5. We have carefully considered the rival submissions. In the case of D. Kanniah Pillai (supra), their Lordships of the Hon'ble Madras High Court were dealing with the issue of whether a sale takes place within commercial parlance or within the meaning of the Indian Sale of Goods Act, 1930, when a partner converts his proprietary concern into a partnership, of which he is a partner, and they did not consider whether this amounts to extinguishment of rights or interest in the property converted by the sole proprietor into a partnership property.

Similarly, in the case of A.V. Bhanoji Rao (supra) their Lordships were dealing with the issue of whether the execution of a deed was necessary for transfer of property by a partner to the partnership firm and when the transfer took place. Both of these cases will, therefore, be of no help on the facts of the present case, where the issue is whether there was an extinguishment of the rights or interest of a partner in a property transferred by him to a firm as his capita! contribution. It is also necessary here to point out that the ruling of the Hon'ble Gujarat High Court in the case of Kartikey V. Sarabhai (supra) was not only followed by their Lordships in the case of H.H. Maharaja F.P.Gaekwad (supra), the special leave petition against the judgment of the Hon'ble High Court in the case of H.H. Maharaja F.P. Gaekwad (supra) was dismissed by the Hon'ble High Court in 140 ITR (St.) 23. With very great respect, therefore, to the ruling of the Hon'ble Madras High Court in the case of H. Rajan and H. Kantian (supra), we would prefer to follow the ruling of the Hon'ble Gujarat High Court in the case of Kartikey V. Sarabhai (supra). We, therefore, hold that on the transfer of shares by the assessee to the partnership firm, V.S. Apte & Sons, as his capital contribution to the firm, of which he was a partner, a 'transfer' within the meaning of Section 2(47) took place, and the surplus resulting from this transfer amounted to capital gains within the meaning of Section 45 of the Act. No arguments were advanced before us that the capital gain on this transaction was not rightly worked out by the ITO. On the issue of capital gains on the transfer of shares, therefore, the order of the Commissioner (Appeals) is reversed, while the order of the ITO is restored.

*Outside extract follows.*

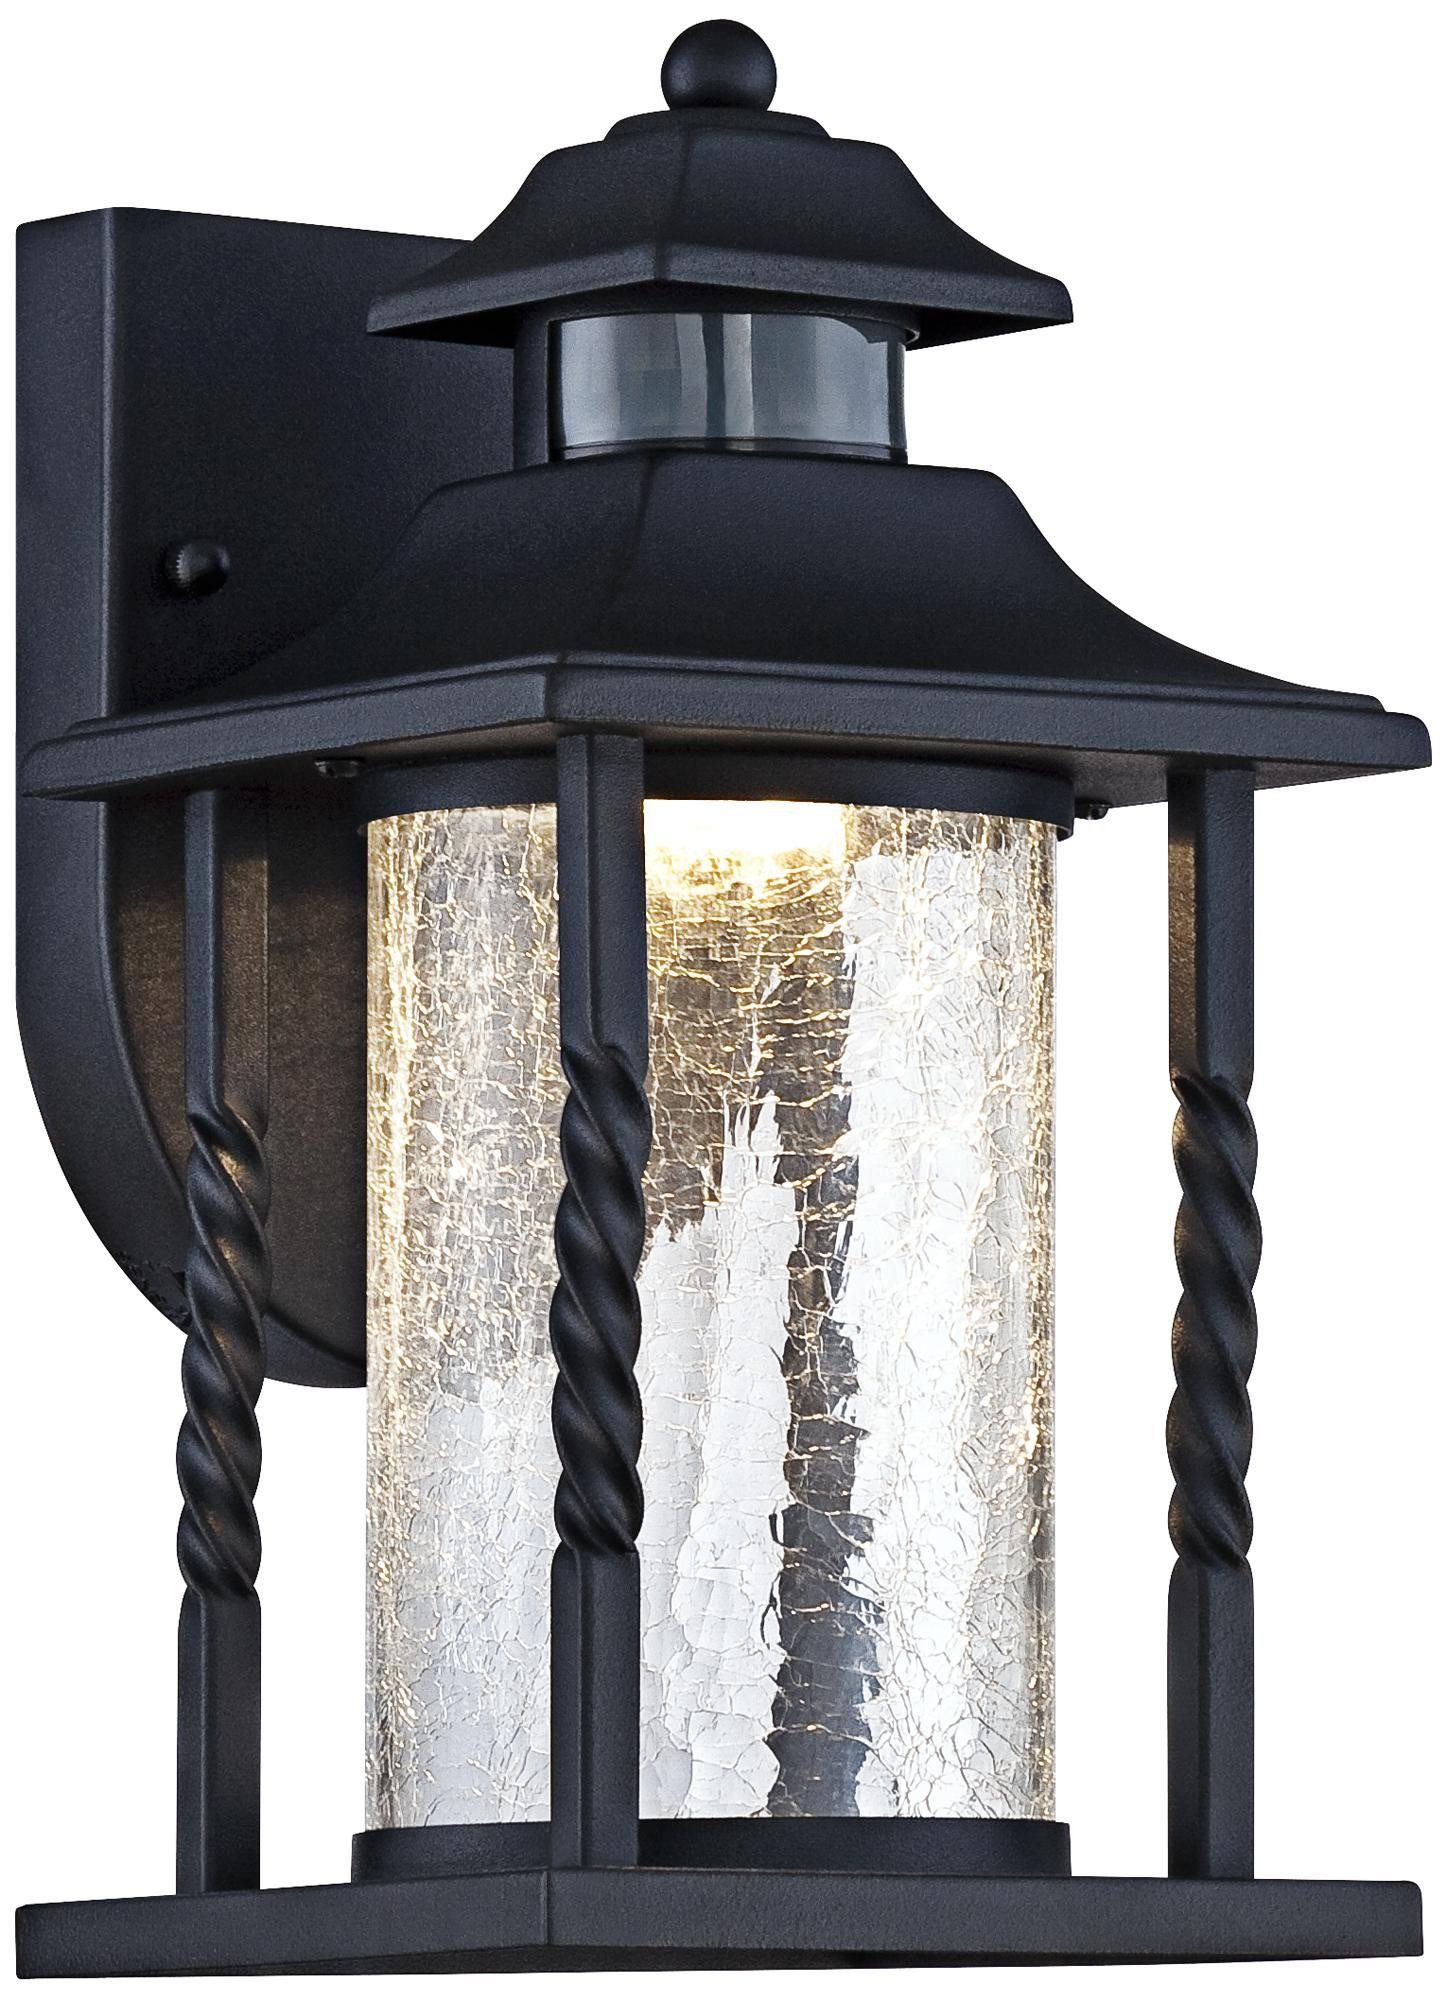 Westray 11 1 2 H Black Motion Sensor Led Outdoor Wall Light 7k617 Lampsplus Com Led Outdoor Wall Lights Outdoor Wall Lighting Outdoor Wall Light Fixtures

6. The next grievance in this appeal is against the direction of the Commissioner (Appeals) that the share of loss of the assessee's wife from the firm, V.S. Apte & Sons, in which the assessee was also a partner, should be taken into account while working out the assessee's total income. Both the learned departmental representative, Shri Kumar, as well as the assessee's learned Counsel, Shri Inamdar, submitted to us that the identical issue also cropped up in the appeals relating to the assessment years 1973-74 and 1974-75 in IT Appeal Nos. 1381 and 1382 (Bom.) of 1975-76 and the facts relevant to the point at issue, as well as the arguments of both the sides, were the same as were before the Tribunal in the appeals relating to the assessment years 1973-74 and 1974-75.

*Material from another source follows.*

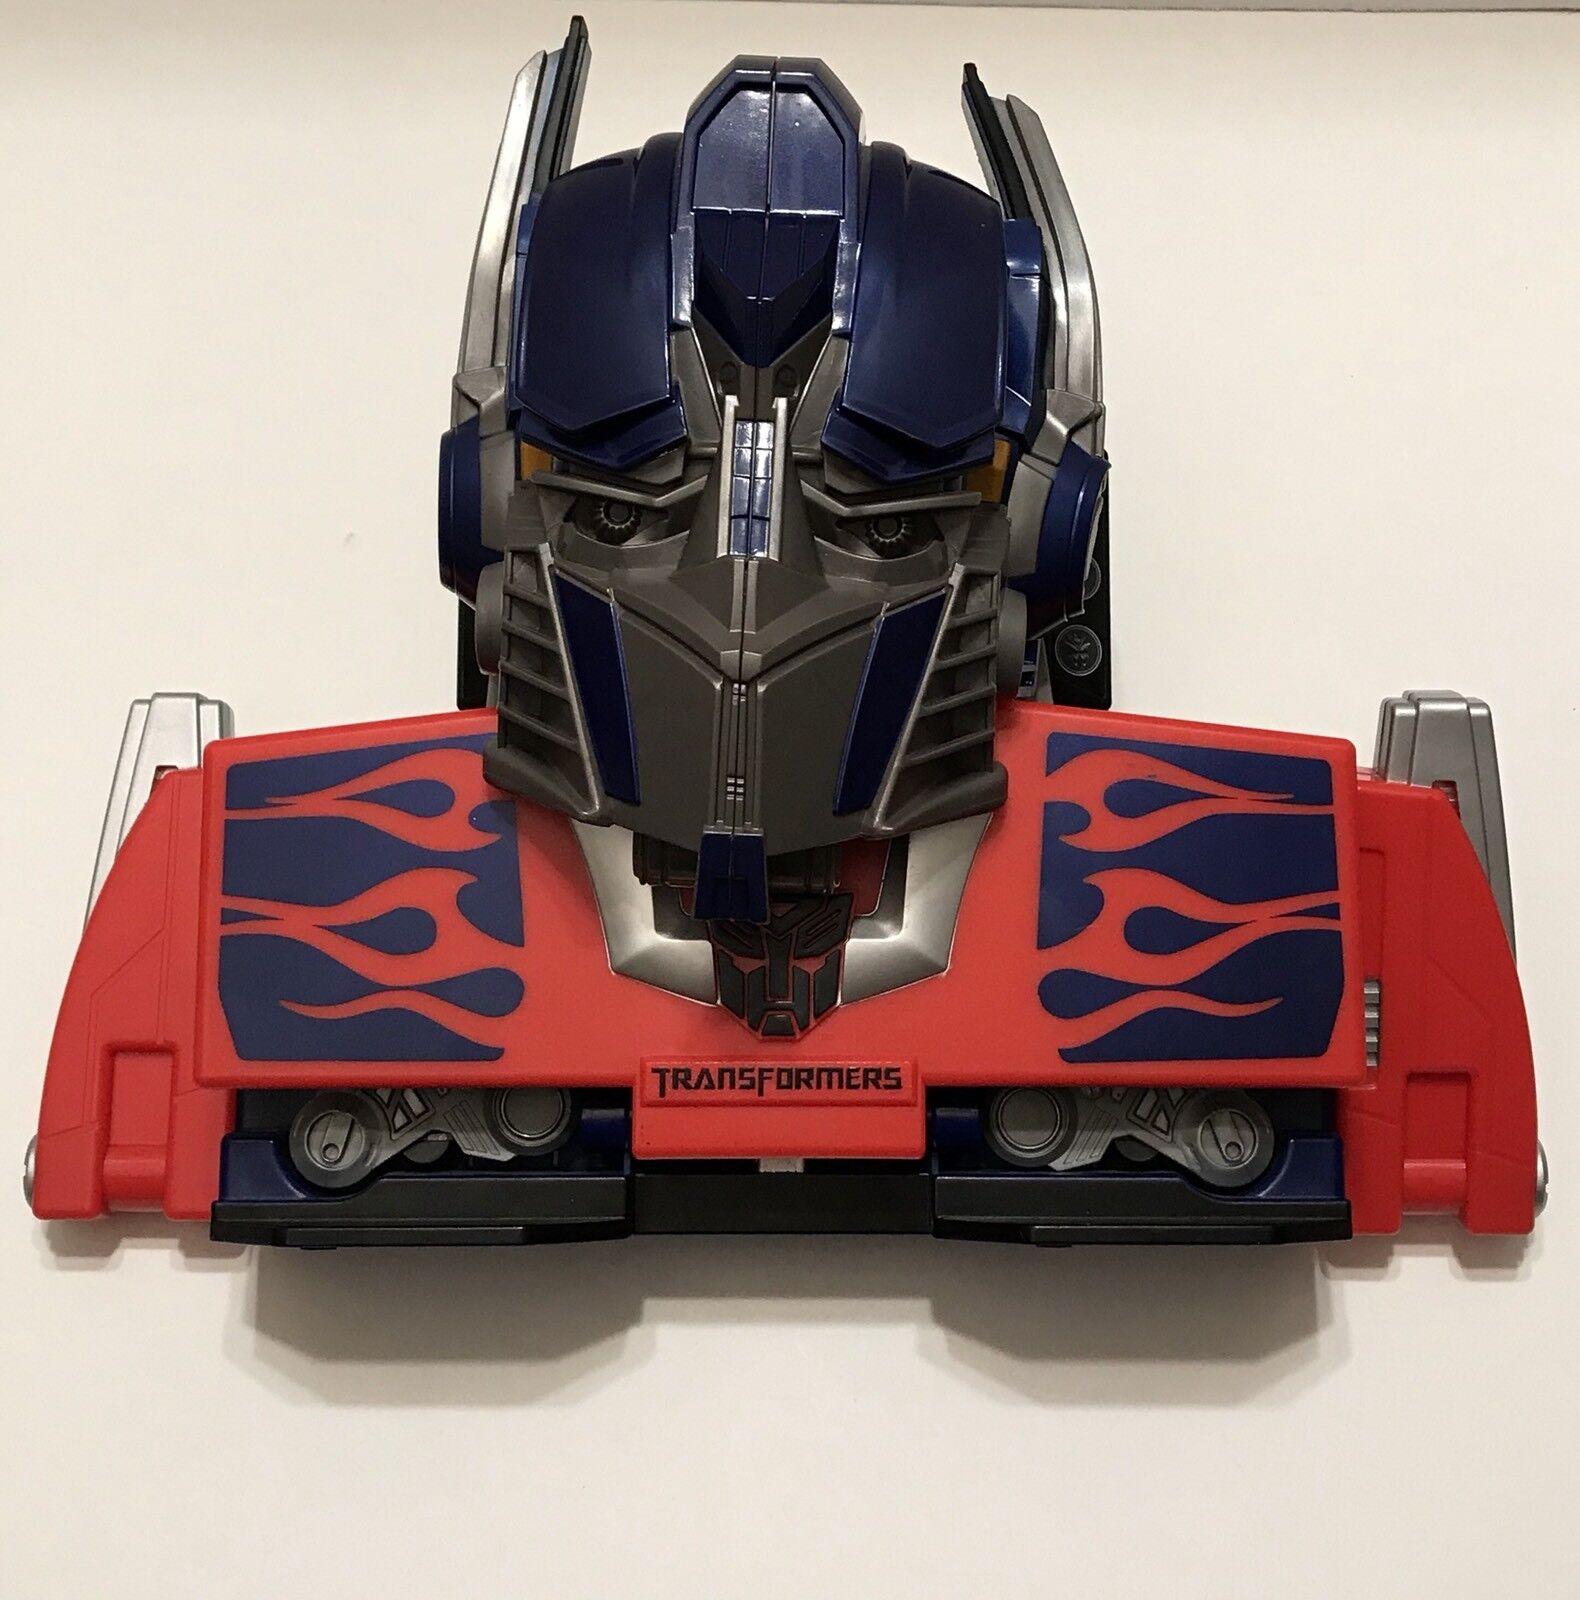 Transformers Optimus Prime Interactive Computer Game

7. We have carefully considered the rival submissions. Following with respect the order of the Tribunal in the appeals relating to the assessment years 1973-74 and 1974-75, we uphold the direction of the Commissioner (Appeals) that the share of loss of the assessee's wife from the firm, V.S. Apte & Sons, in which the assessee is also a partner, should also be taken into account while working out the assessee's total income.